On September 6th, Sotheby’s will kick off ‘Banksy/Online,’ which will be a two-week sale and the first of the Banksy auctions. ‘Over the last couple of years, we have seen Banksy’s print market go from strength to strength in its own right,’ said Kirsteen Davidson of Sotheby’s prints department, who also confirmed the sale was in the work far before Love is in the Bin made its debut. ‘It therefore seemed like a natural progression for us to harness this strength, and worldwide interest in Banksy, and present a sale solely of his works.’ Though their entire lineup isn’t finalized, yet, prints by Banksy will include: Girl With Balloon (estimated at £60,000-80,000), Welcome to Hell (£18,000-22,000), and Pulp Fiction (£12,000-18,000).
Just a few days later, Christie’s will commence their rival edition of the Banksy auctions called ‘Banksy: I can’t believe you Morons actually buy this sh*t,’ slyly playing off the title of one of Banksy’s images.
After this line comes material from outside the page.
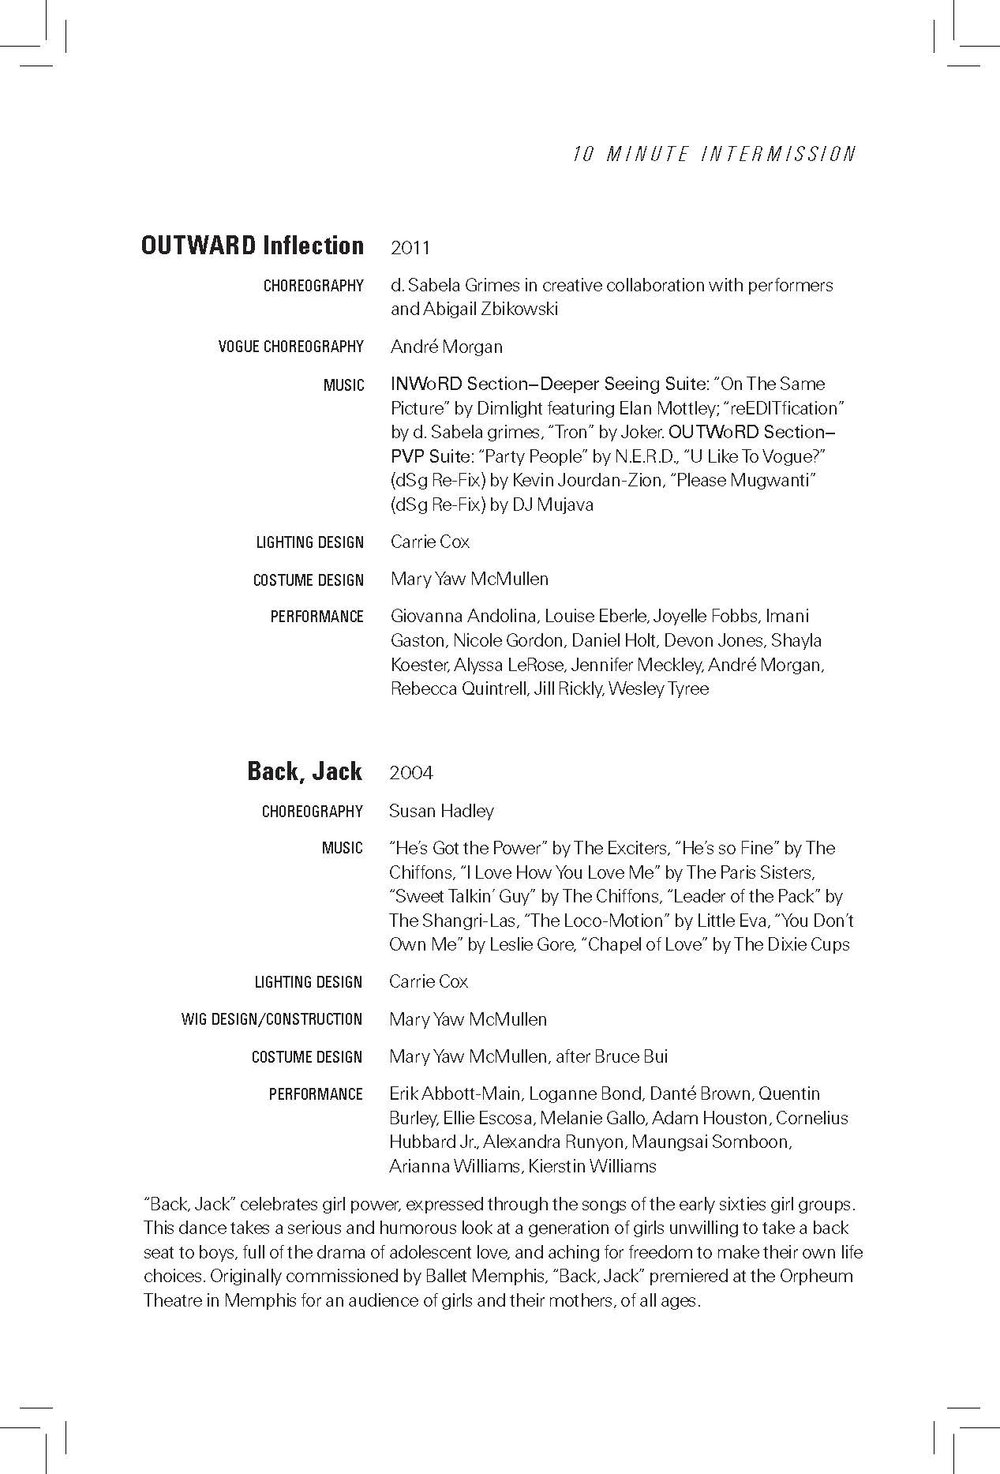 SP11_DanceDowntown_Page_3.jpg

Beginning September 11th, Choose your weapon (estimated to bring in £30,000-50,000), Stop and Search ($20,000-30,000), and CND Soldiers (£15,000-25,000 will head to the auction block. The lot that is bound to set the stage is a rare artist’s proof of Girl With Balloon. The artist’s proof of the artwork that shocked spectators is the first to have been offered at auction, according to James Baskerville, head of prints and multiples at Christie’s, and has a pre-sale estimate of £150,000 to £250,000.
‘Banksy’s prints are an opportunity to become a part of something bigger,’ said Davidson of the upcoming sales. ‘Street art is in the public forum, but prints provide a way for people who love his work to bring it home with them. Some people will pay more for the signature, whereas others just want to own a piece of Banksy’s work.’